Est-il possible de penser l’après-Covid, de poser en les renouvelant dans leurs réponses les questions que l’épidémie suscite, de traverser le miroir du présent pour se projeter dans le futur, de distinguer qui relève de l’immédiat de ce qui ressort à terme de la durée, d’embrasser les perspectives qui viennent sans exagérer la portée du présent ? Exercice complexe, délicat, incertain. Il faut s’y adonner avec la prudence que l’expérience du passé prodigue et avec l’audace qu’une prospective réaliste peut potentiellement générer. Science, technologie, économie, liberté, géopolitique, social, tout est revisité, réinterprété, réinterrogé dans un immense mouvement d’examen de nos certitudes, de nos pratiques, de nos représentations.

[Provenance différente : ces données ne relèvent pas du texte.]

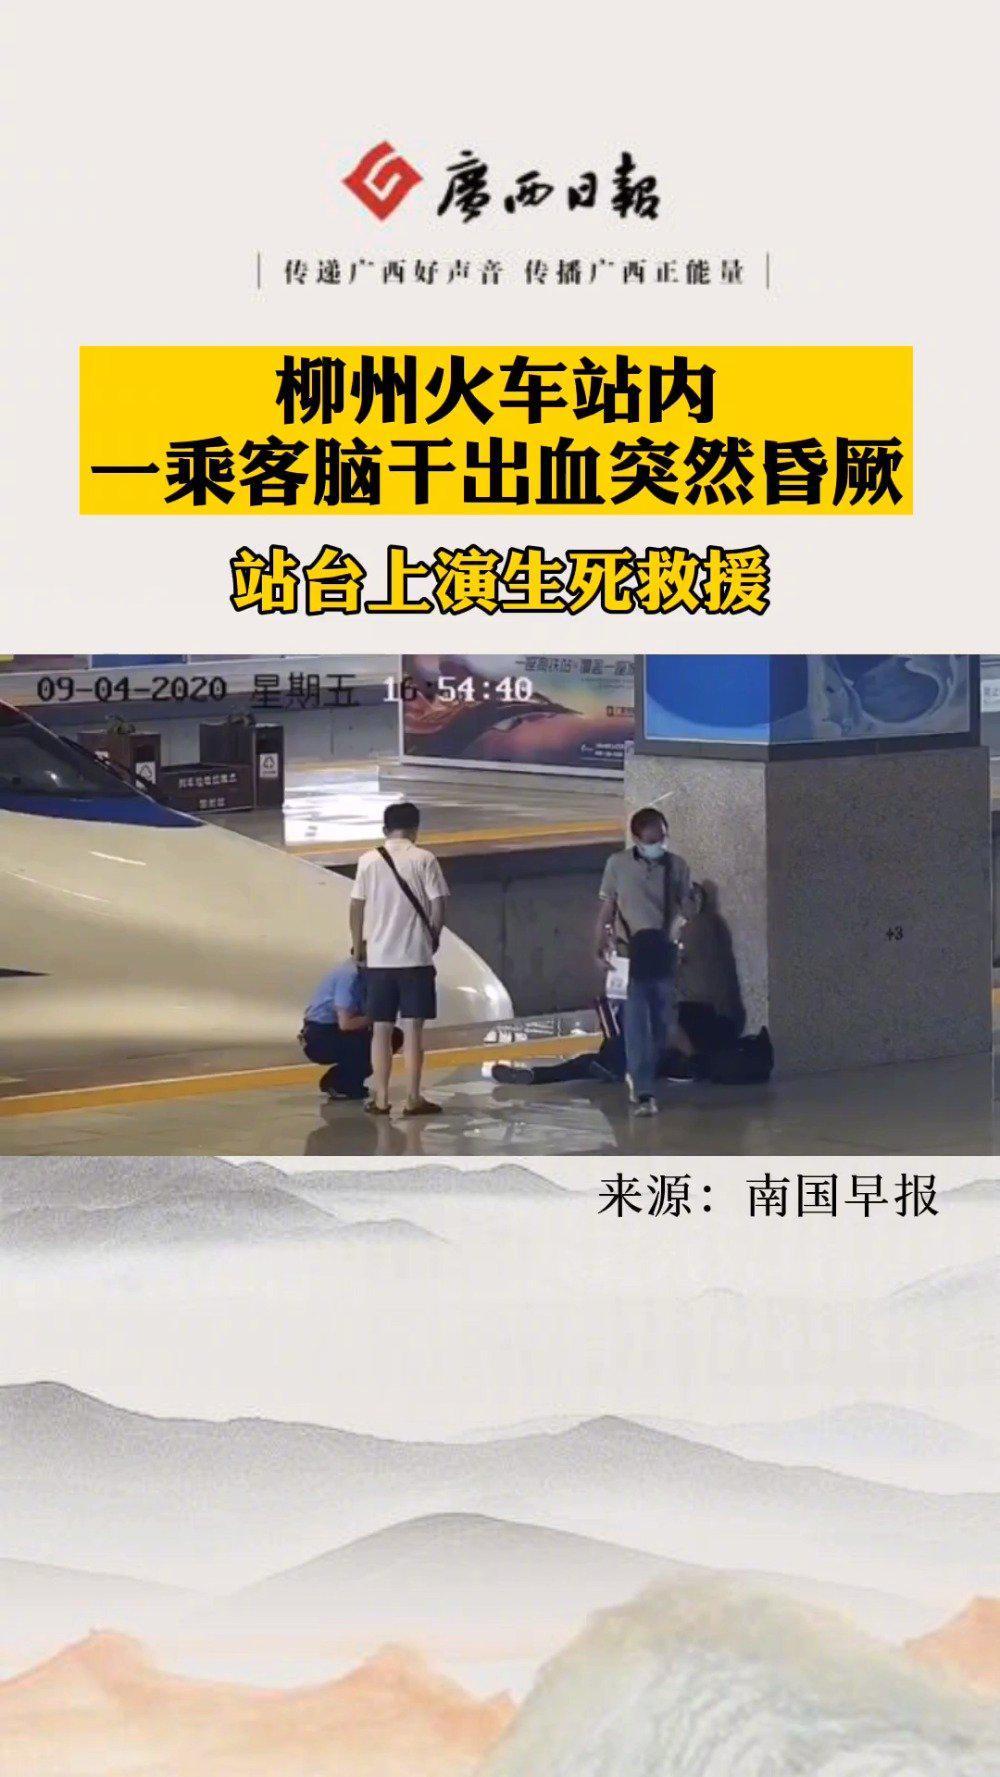 柳州火车站内一乘客脑干出血突然昏厥……

Depuis presque deux années maintenant, par sa longévité, son imprévisibilité, sa globalité aussi, la crise sanitaire incite à convaincre chacun d’entre nous que cette traversée épidémique transforme en profondeur nos sociétés.
Et elle constitue en effet un incommensurable levier de métamorphoses dont nous n’avons pas fini, loin de là, de mesurer l’impact. Reste à savoir et comprendre dans quel chemin tout ceci nous engage, car si « le monde d’après » promis par le Président en exercice est celui que nous vivrions d’ores et déjà, il faudrait légitimement s’en inquiéter. L’économie perfusée et les libertés entravées sont à ce stade l’empreinte d’une existence sous Covid. C’est un pis-aller et non un renouveau. C’est un stand-by à plus d’un titre régressif. Le provisoire s’est installé sous les vagues successives tant des différents variants que d’injonctions mandarinales contradictoires dont il conviendra, le moment venu, d’établir l’inventaire. Le brouillard à ce stade reste dominant, mais tout l’objet consiste à essayer d’en percer les nappes pour voir plus loin. Il faudra évidemment se réinventer en tirant tous les enseignements, pour reprendre la dichotomie féconde de Péguy, des périodes successives qui ont précédé le déclenchement de la pandémie et espérer très fort en l’assomption d’une époque refondatrice.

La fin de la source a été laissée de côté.